§ Your goal
Of the lines below, write out exactly those from the line with "New Eaton NON-MAGNETIC" through the line with "SCRY™️ Shuttle Shadow", both included, and skip the rest.

§ Information shown
──────

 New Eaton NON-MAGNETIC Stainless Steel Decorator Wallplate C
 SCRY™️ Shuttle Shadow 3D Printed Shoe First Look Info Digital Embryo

──────

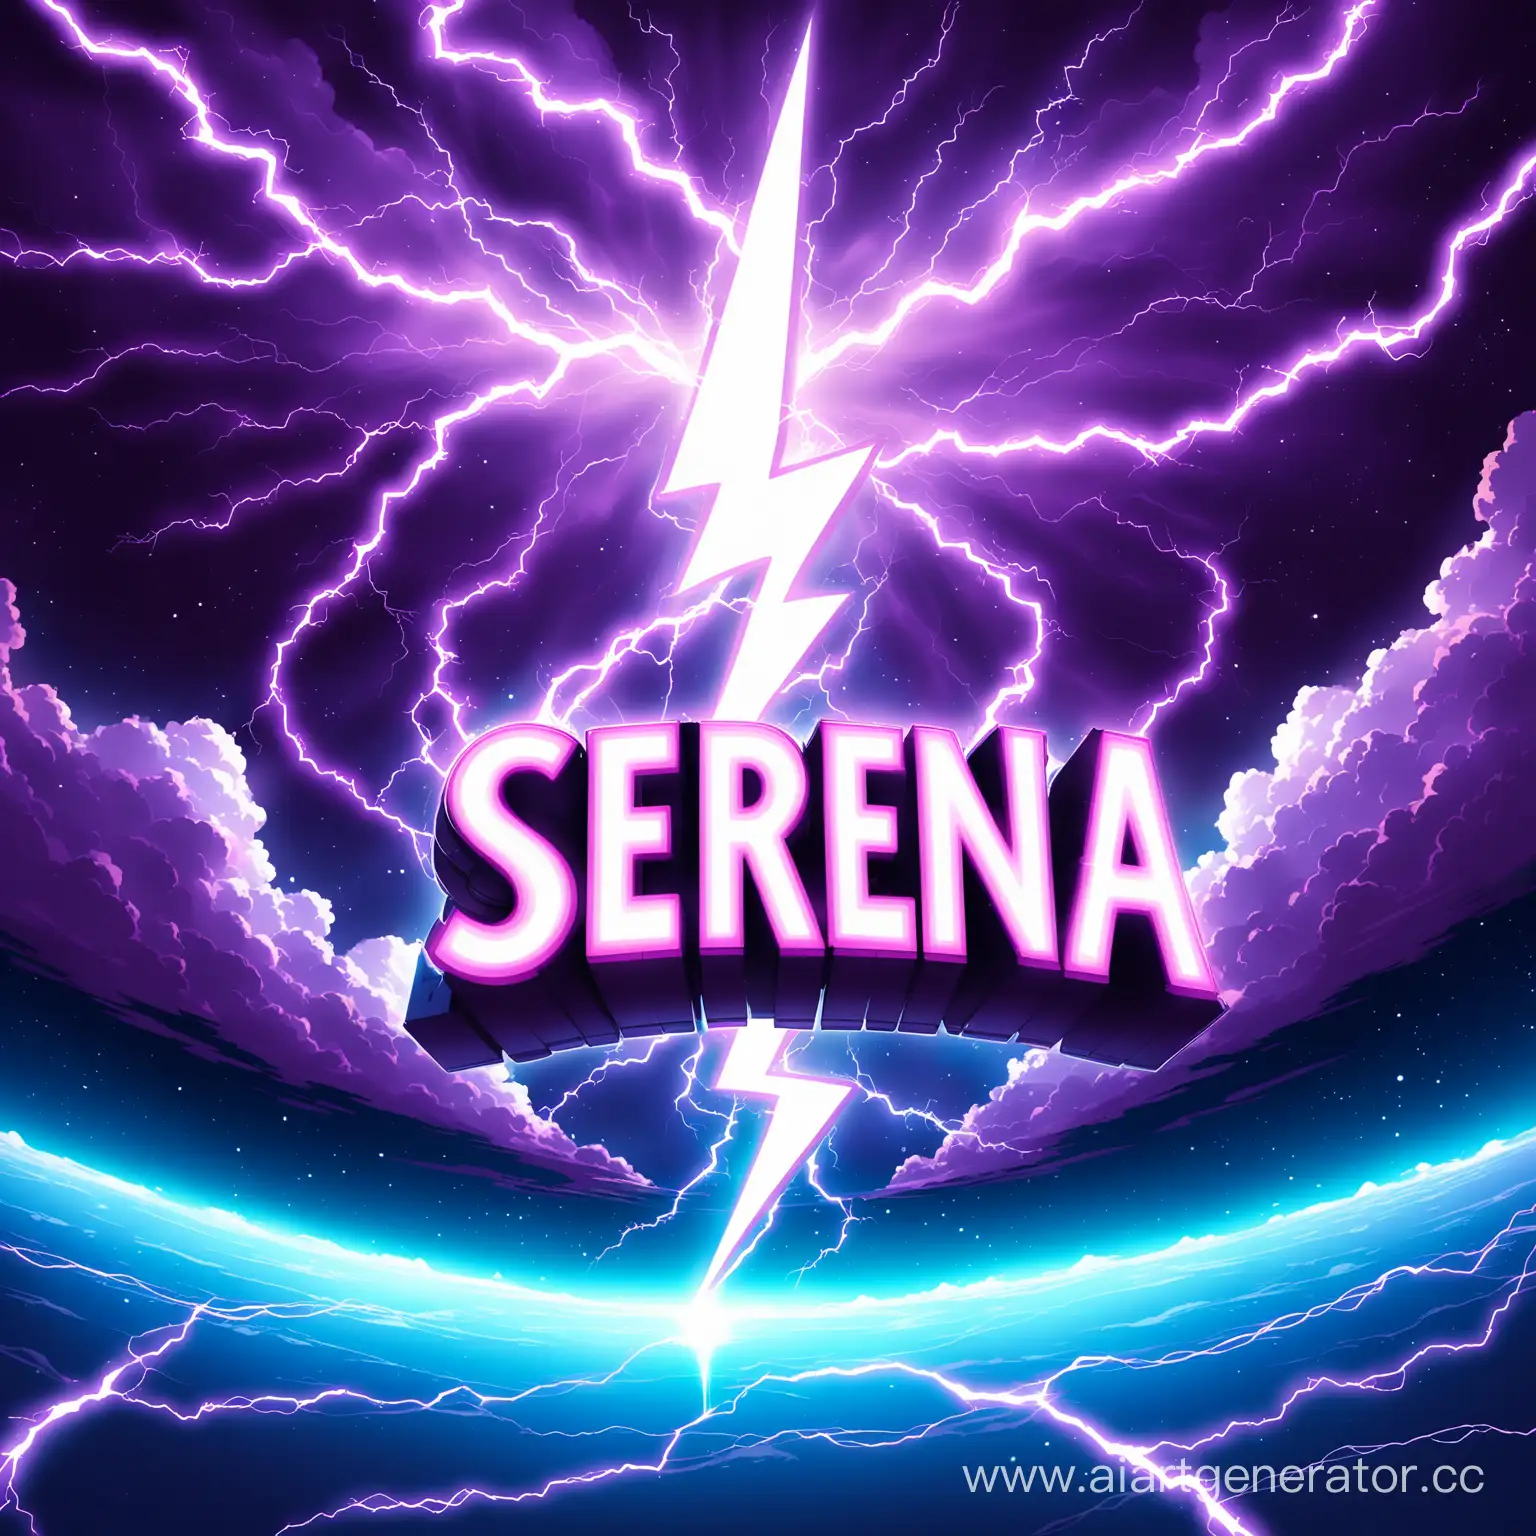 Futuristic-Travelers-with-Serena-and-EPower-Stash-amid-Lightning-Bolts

──────

§ Response to the exercise
 New Eaton NON-MAGNETIC Stainless Steel Decorator Wallplate C
 SCRY™️ Shuttle Shadow 3D Printed Shoe First Look Info Digital Embryo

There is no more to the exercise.